Tuesday, June 03, 2014

I say that there is adventure and fun in going, but there is beauty and power in staying. Now I'm not saying don't travel! Explore your little hearts out! I sure will! But at the end of the day remember that even wildflowers need roots to survive. Staying means allowing yourself to bloom where you are planted. Staying grows relationships to deeper levels. Staying forces you to face yourself and the effects you have on others. Staying opens new realms of creativity. When running away is an easy escape, staying is brave. Staying is an adventure within itself. So don't let the world tell you that where you are isn't cool/hipster/trendy/adventurous enough. Because you have the power to make a place beautiful - imperfections and all.

Analog (via Alphabet)
In our home, analog -- of the vintage, rummaged-in-a-thrift-shop variety -- has become a preferred personal mode of listening. There is something rather satisfying in the slow search for a treasure of a record, cradling its weight in one's hands on the trip back, unraveling at home from the outside elements, pouring a drink, and unsheathing a newly acquired gem, letting it settle, quite literally, into its grooves as you settle into your own. Music, in an analog context, becomes more of an event: the large, black circle of vinyl carries so much more heft, feeling and a sense of the artists behind it than, say, simply pressing play on a touchscreen. In a time of digital, instant gratification, analog, by comparison, slows and commands our attention as we wait for our cue that it's time to flip the record over for the other side, for another half hour or so of music as a tactile, livable experience.
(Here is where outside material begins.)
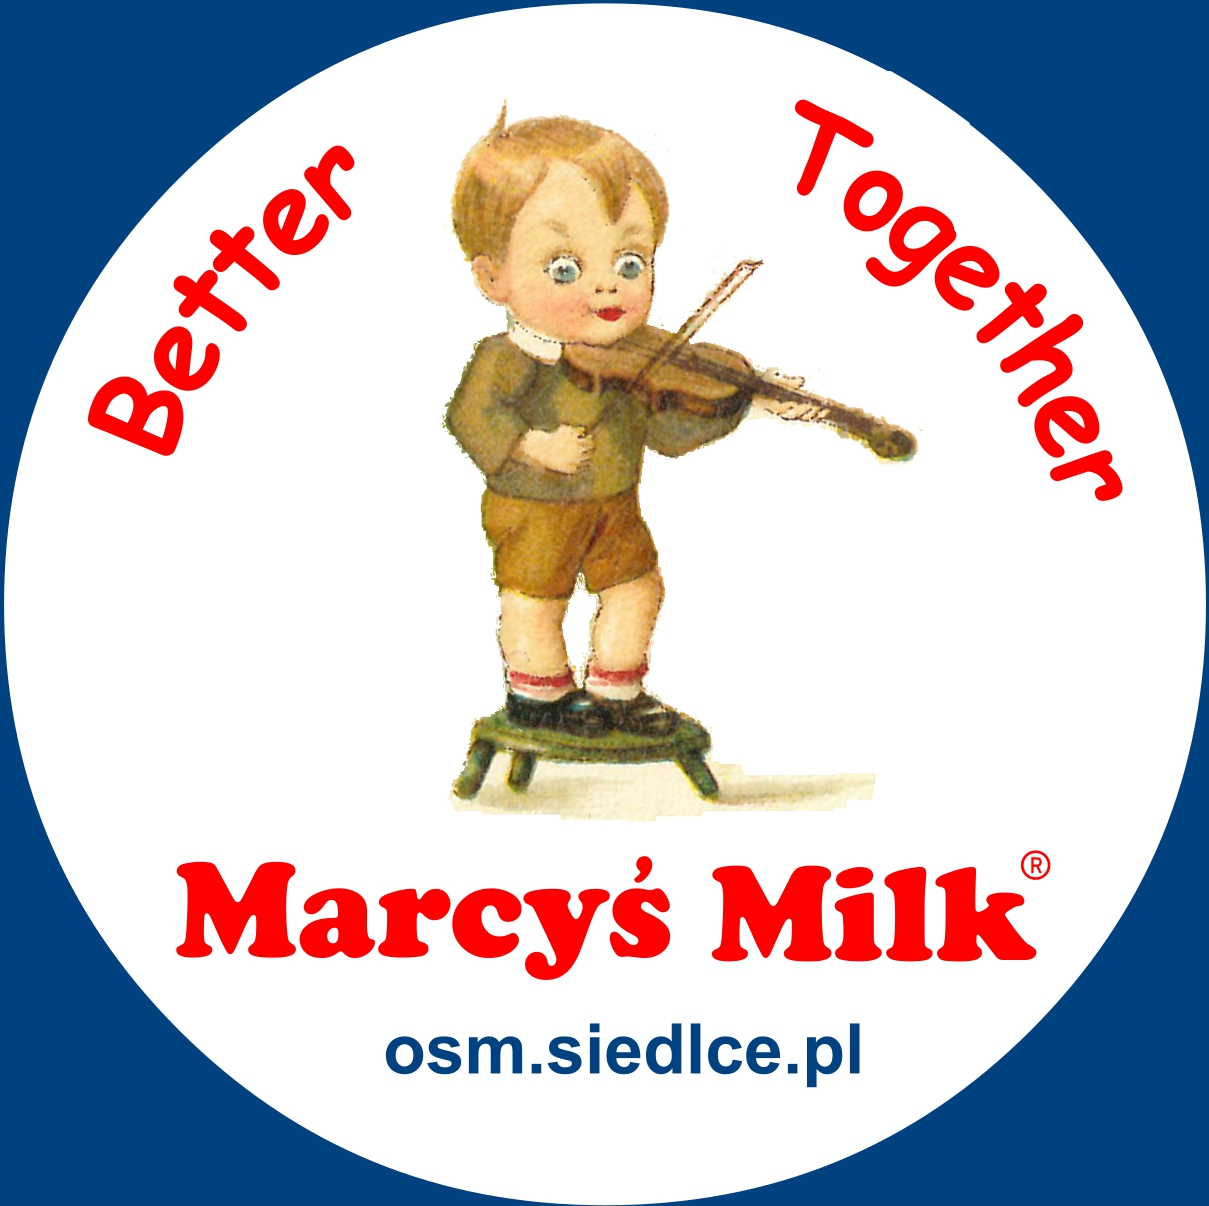 Marcyś Milk, Better Together, osm.siedlce.pl

Even though times have drastically changed from the good ol' days when travel was considered luxurious, people are still fascinated with flight attendants. Today it's far from glamorous, but there's still something about it that makes those of us who do it continue to spread our wings and fly. Once a flight attendant, always a flight attendant. And no matter how hard we might try to explain it, nobody else seems to quite get what we do. I've been married for 10 years and my husband still has trouble understanding my schedule. So in a way maybe we are a special group. But not because we want to be.